P-values ≤0.05 were considered statistically significant. P-values were denoted as following: ∗=P≤0.05, ∗∗=P<0.01, ∗∗∗=P<0.001, and ∗∗∗∗=P<0.0001. Data analysis and visualization was conducted in SAS Studio (version 9.4), R (version 4.2.2), and RStudio Desktop (version 2022.07.2). Schematic overviews of the study were created using BioRender.com.

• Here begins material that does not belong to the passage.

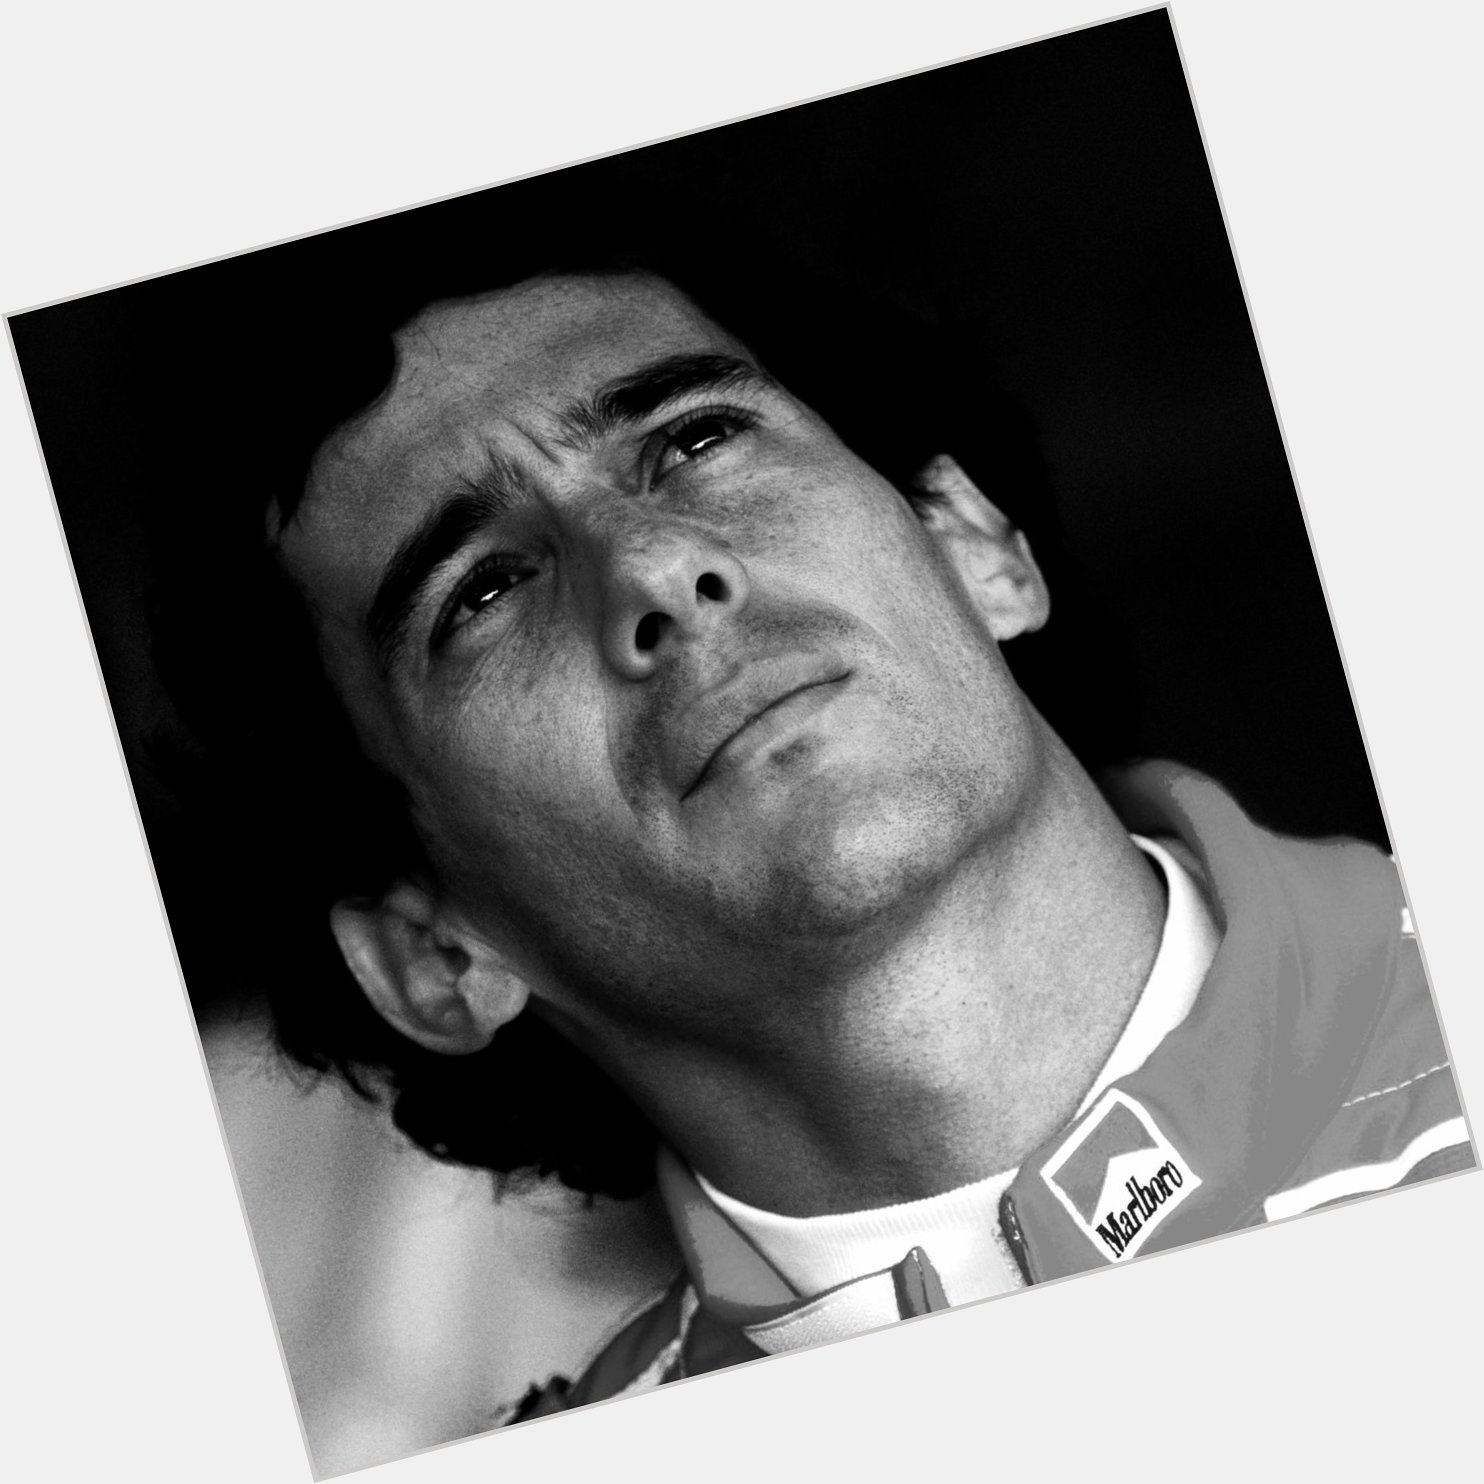    55 years ago, three-time champion Ayrton Senna was born happy birthday legend :)

Published: August 14, 2023

Data and code availability

• •The data reported in this study cannot be deposited in a public repository. Data is restricted to protect the privacy of the study participants in this cohort. Data from the ENFORCE cohort may be made available to researchers upon approval of an application to the ENFORCE scientific steering committee and further approval by relevant authorities. Applications for data must be sent to enforce.rigshospitalet@regionh.dk. If approval is granted data will be provided as deidentified data. The ENFORCE protocol is available at www.enforce.dk and more detailed information about data access may be found at https://chip.dk/Research/Studies/ENFORCE/Study-Governance.
• •This paper does not report original code. Requests for code should be directed to the lead contact.
• •Any additional information required to reanalyze the data reported in this paper is available from the lead contact upon request.